Department of Neurology, NYU Langone School of Medicine, NYU Epilepsy Center, 223 East 34th Street, New York, NY 10016, USA.
Epilepsy Behav. 2010 May;18(1-2):106-9. doi: 10.1016/j.yebeh.2010.03.011. Epub 2010 May 10.
Using separate generalized mixed-effects models, we assessed seizure recall and prediction, as well as contributing diagnostic variables, in 83 adult patients with epilepsy undergoing video/EEG monitoring. The model revealed that when participants predicted a seizure, probability equaled 0.320 (95% CI: 0.149-0.558), a significant (P<0.05) increase over negative predictions (0.151, 95% CI: 0.71-0.228]). With no seizure, the rate of remembering was approximately 0.130 (95% CI: 0.73-0.219), increasing significantly to 0.628 (95% CI: 0.439 to 0.784) when a seizure occurred (P<0.001). Of the variables analyzed, only inpatient seizure rate influenced predictability (P<0.001) or recollection (P<0.001). These models reveal that patients were highly aware of their seizures, and in many cases, were able to make accurate predictions, for which seizure rate may be an important factor.

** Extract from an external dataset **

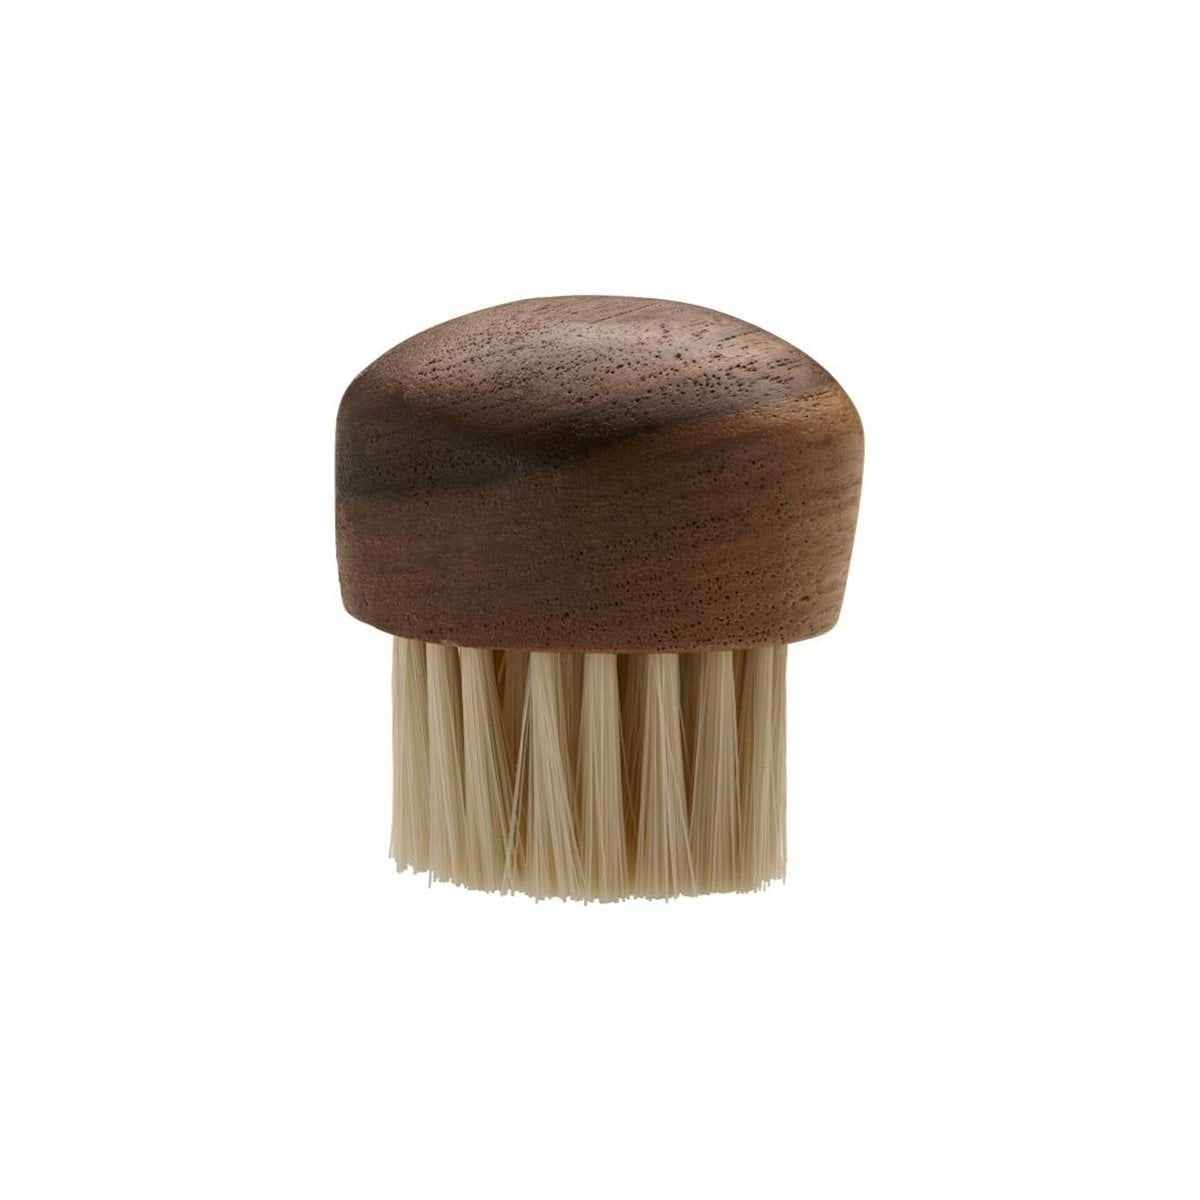 Roesle Mushroom Brush - Diameter 4 cm

我们使用独立的广义混合效应模型,评估了 83 名接受视频/EEG 监测的成年癫痫患者的癫痫发作回忆和预测,以及相关的诊断变量。模型显示,当参与者预测癫痫发作时,概率等于 0.320(95%置信区间:0.149-0.558),明显高于负预测值(0.151,95%置信区间:0.71-0.228)。没有癫痫发作时,回忆的概率约为 0.130(95%置信区间:0.73-0.219),当发生癫痫发作时,回忆的概率显著增加到 0.628(95%置信区间:0.439-0.784)(P<0.001)。在分析的变量中,只有住院期间的癫痫发作率影响可预测性(P<0.001)或回忆率(P<0.001)。这些模型表明,患者对自己的癫痫发作具有高度的意识,在许多情况下,能够做出准确的预测,而癫痫发作率可能是一个重要因素。